Organisation-wide use of a subscription-backed account remains the Org Admin’s compliance responsibility — the connect flow records your acknowledgement for audit.

Embedding defaults through PebbleRouter

Your organisation’s default Embedding Model — used for asset discovery and set on the Default Models tab at Admin → Organisation → Settings → Configuration — can be a provisioned instance with PebbleRouter only scope as well as an Organisation-scoped one. The picker (and the Workspace Embedding Model override) is filtered to embedding-capable models.

This lets you serve embeddings through the router without the model ever appearing in users’ chat model selectors — ideal when the embedding model exists purely as infrastructure and shouldn’t be user-pickable.

Image models for chat image generation

PebbleChat’s image generation runs on a provisioned image-capable model. To set it up:

  1. Enable a model whose Mode is image generation — from the platform catalogue, or via Add Model for a custom provider
  2. Provision it as usual on the Provision Models tab
  3. Go to Admin → Organisation → Settings → Configuration → Chat Settings tab → Image Creation, switch image creation on, and pick the model in the Image model dropdown — or leave it on Auto-detect (first image-capable model)

If no image-capable model is provisioned yet, the picker tells you: “No image-capable models are provisioned yet. Provision one in Models, or leave on auto-detect.” When image creation is off or unconfigured, the assistant tells users plainly that image creation isn’t available rather than erroring.

See Image Generation for the user-side experience.

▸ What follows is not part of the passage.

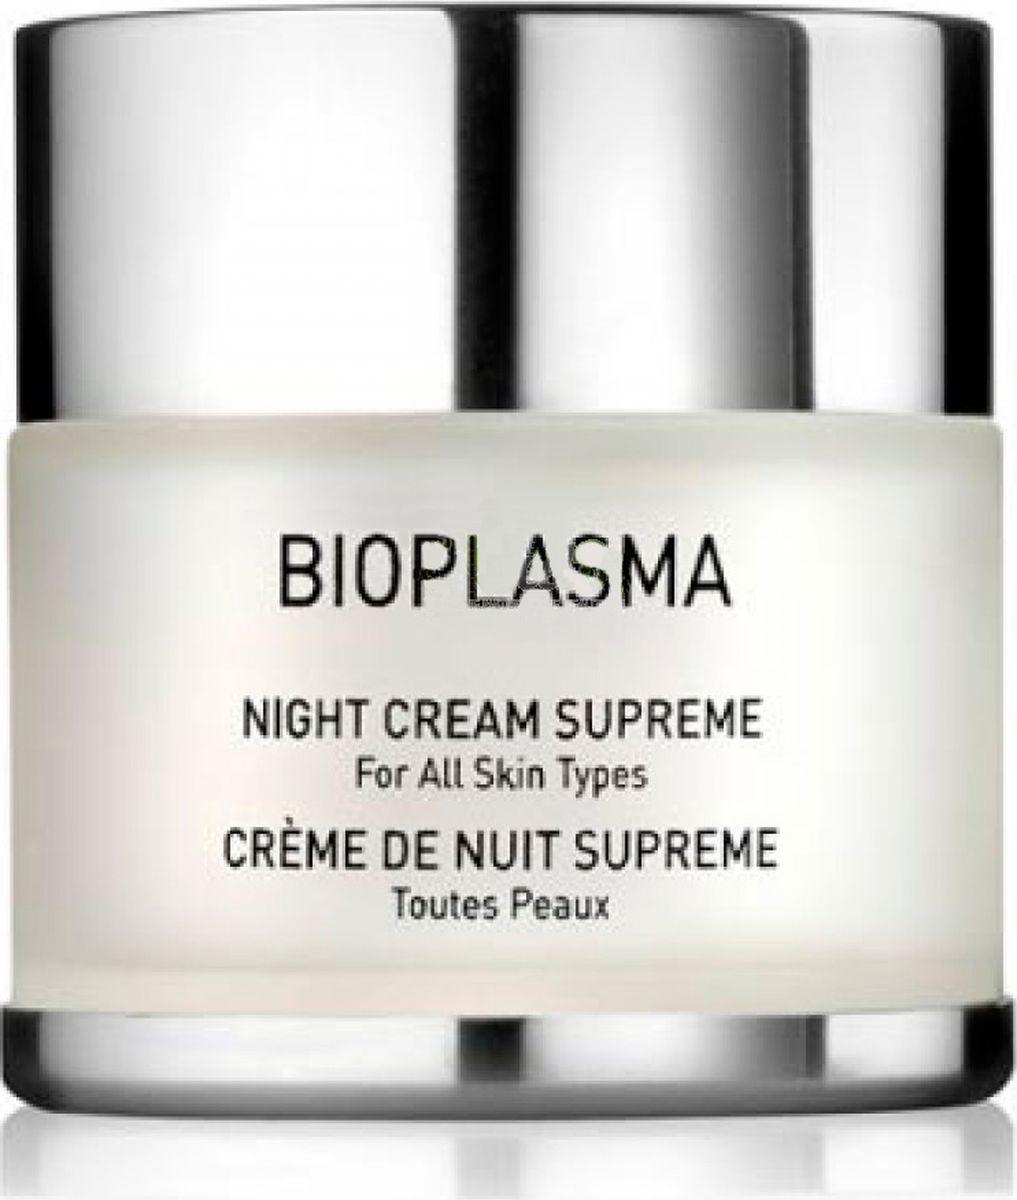 GIGI Крем энергетический ночной Суприм Bioplasma BP Night Creame Supreme, 50 млgi24036Питательный ночной крем богатой текстуры мгновенно впитывается, повышает уровень влаги, замедляет процессы увядания кожи, способствует ночной регенерации кожи, делает ее к утру моложе, она снова приобретает ровный и здоровый цвет, становится более гладкой и упругой. Кроме этого стимулирует клеточное дыхание, нормализует метаболизм и липидный обмен клеток. Придает коже здоровый и молодой вид. Нейтрализует свободные радикалы, стимулирует процесс обновления клеток. Активные компоненты: Биоплазма, Гель Алжир, Кальприан, Ламинарган, Кодиблан, Oleuropein. Результат: Разглаживает имеющиеся и предупреждает образование новых морщин. Оказывает сильное увлажняющее действие, а также интенсивно питает и смягчает кожу.

Models vs PebbleFlows Models

Don’t confuse this page with PebbleFlows Models:

Models (this page)PebbleFlows Models
PurposeEnable models from the platform catalogue for your orgEdit the JSON definitions of models in the PebbleFlows visual builder
FormatForm-based tableJSON editor
AudienceMost adminsPower admins managing the underlying catalogue
Where you’d touch itDaily / weeklyRarely

For most administration, this is the page you use. PebbleFlows Models is for the rare case where you need to edit raw model definitions.

Tips

  • Enable a small set first. Start with a handful of models — a Fast Haiku, a Smart Opus, maybe a long-context fallback — and grow from there. Hundreds of models in the selector is a confusing UX.
  • Set sharing scope deliberately. Default to Organisation for general-purpose models. Use Selected Workspaces for team-specific models and PebbleRouter only for fallback / cost-optimisation models you don’t want users to pick directly.
  • Watch usage. The Usage Count column is your guide to which models are actually pulling weight. Cull the unused ones.
  • Always tie a model to a working credential. A model with a stale credential is worse than no model — users hit confusing errors. When you rotate credentials, check every model that uses them.